"You know what? There was a time where I 'felt pretty' too. Glad my parents didn't jump to any rash conclusions!"
Dee Snider has been axed from the lineup of San Francisco Pride this year over an allegedly transphobic tweet in which he agreed with a statement criticizing child sex changes.
San Francisco Pride had been on the cusp of announcing Twister Sister’s song, We’re Not Gonna Take It, as the “unofficial rallying cry” of this year’s event and Snider was set to perform the song on center stage. But that was before Snider openly supported Kiss member Paul Stanley’s statement calling child sex changes a “sad and dangerous fad.”
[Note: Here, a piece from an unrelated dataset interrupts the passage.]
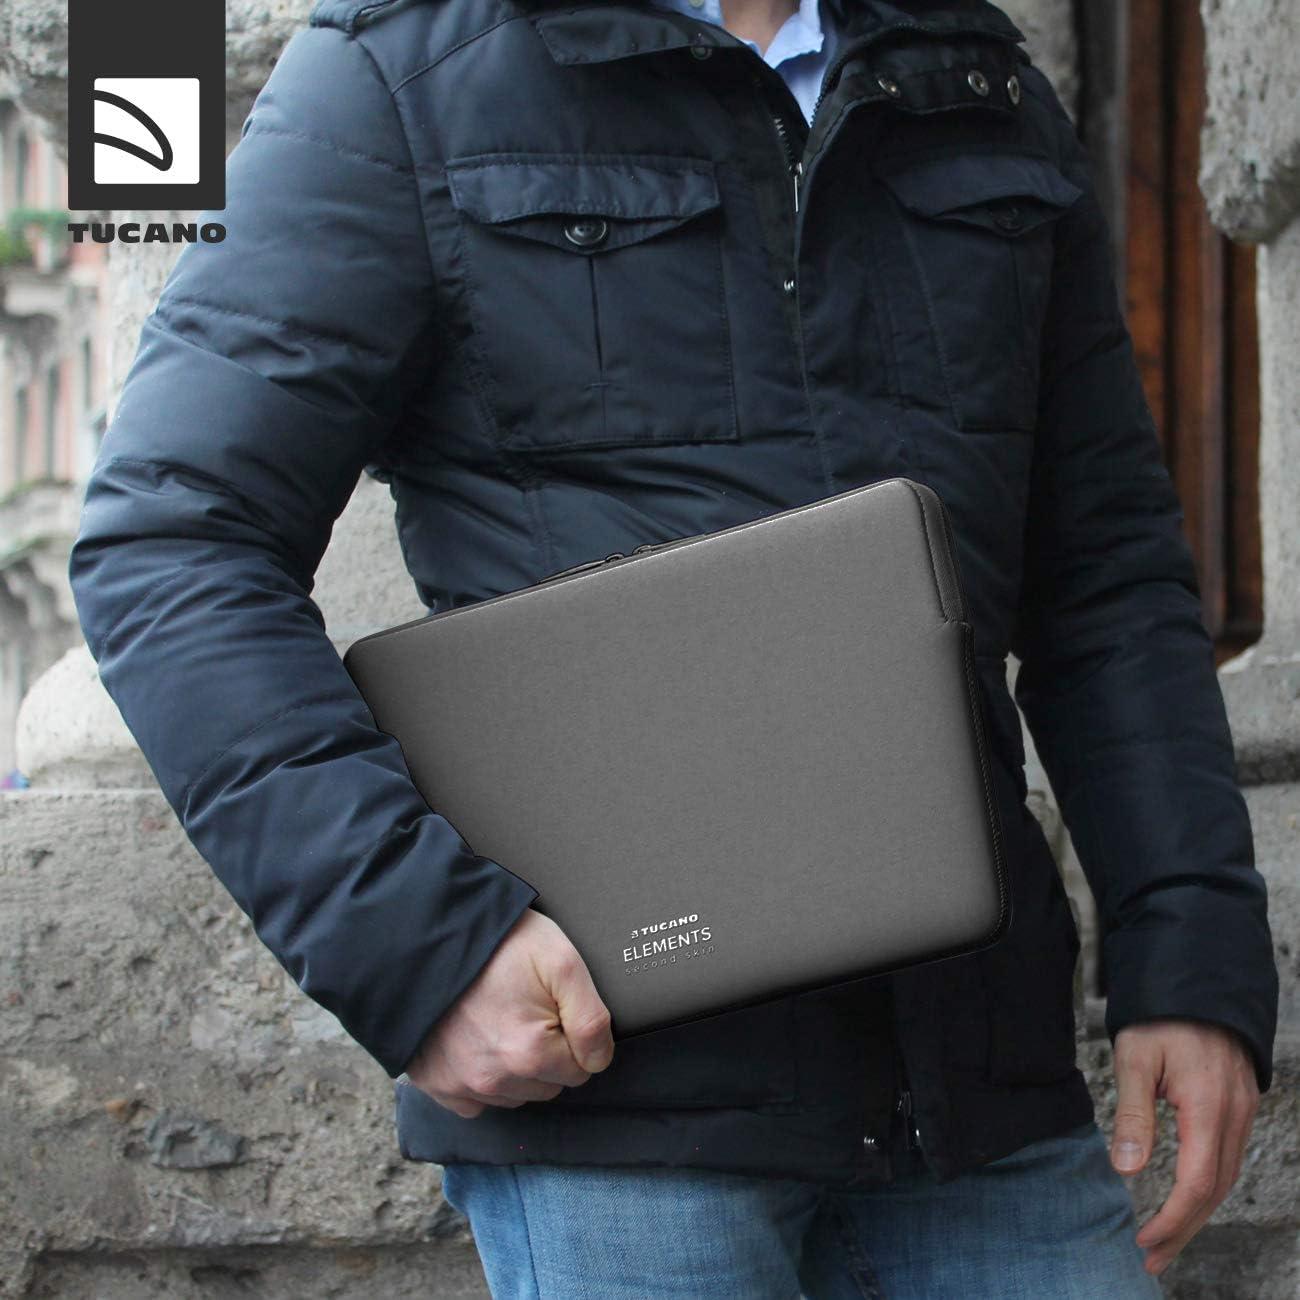 Tucano Bf E Mb13 Second Skin New Elements Case Macbook Computer Zubehör

“There is a BIG difference between teaching acceptance and normalizing and even encouraging participation in a lifestyle that confuses young children into questioning their sexual identification as though some sort of game and then parents in some cases allow it,” read Stanley’s statement on April 30.
The statement went viral, with an outpouring of both support and outrage. Snider quote-tweeted the message commending the Kiss singer-guitarist.
“You know what? There was a time where I 'felt pretty' too. Glad my parents didn't jump to any rash conclusions! Well said, @PaulStanleyLive,” Snider tweeted.
In a press release on May 2, titled San Francisco Pride Distances Itself from Dee Snider, the group noted that Snider had always been a supporter of LGBTQ+ rights, and said they were “heartbroken and angry” to learn about the singer’s support for “Paul Stanley’s transphobic statement.”
“The message perpetuated by that tweet casts doubt on young trans people’s ability to self-identify their gender,” the statement continued.
The statement then went on to say that transgender people, “particularly transgender women and children of color,” are disproportionately affected by hate and violence and suggested that transphobia is “proliferating” and becoming enshrined in law.
“We have mutually agreed to part ways, but appreciate Dee seeing this as a teachable moment and a reminder that even allies need to be educated to ensure that they are not casually promoting transphobia,” the statement concluded.
Several European nations have recently conducted systematic reviews of the evidence for child sex changes and found it to be of extremely poor quality. Sweden, Finland, Norway, and England have dramatically altered course in their treatment of young people who believe themselves to be transgender. Each nation has noted that young people are still in a stage of identity development and advises extreme caution when embarking upon irreversible sex change interventions.
Stanley’s statement called out parents who are normalizing the idea of sex changes, “believing that because a little boy likes to play dress up in his sister’s clothes or a girl in her brother’s, we should lead them steps further down a path that’s far from the innocence of what they are doing.”
Stanley’s description matches that of many celebrity “trans kids” whose stories are laden with stereotypes. Jazz Jennings liked princess dresses and wearing a sparkly bathing suit, Kai Shappley’s mother tells of spanking Kai for “stealing girl toys,” and Susie Green, former CEO of disgraced trans charity Mermaids, revealed in a TED Talk how her homophobic husband wouldn’t tolerate her son’s liking for a tutu and a Snow White costume. All three families made the decision to tell their gender-nonconforming male children that they were girls, setting them up for puberty blockers, a lifetime of hormones, and risky and invasive surgeries.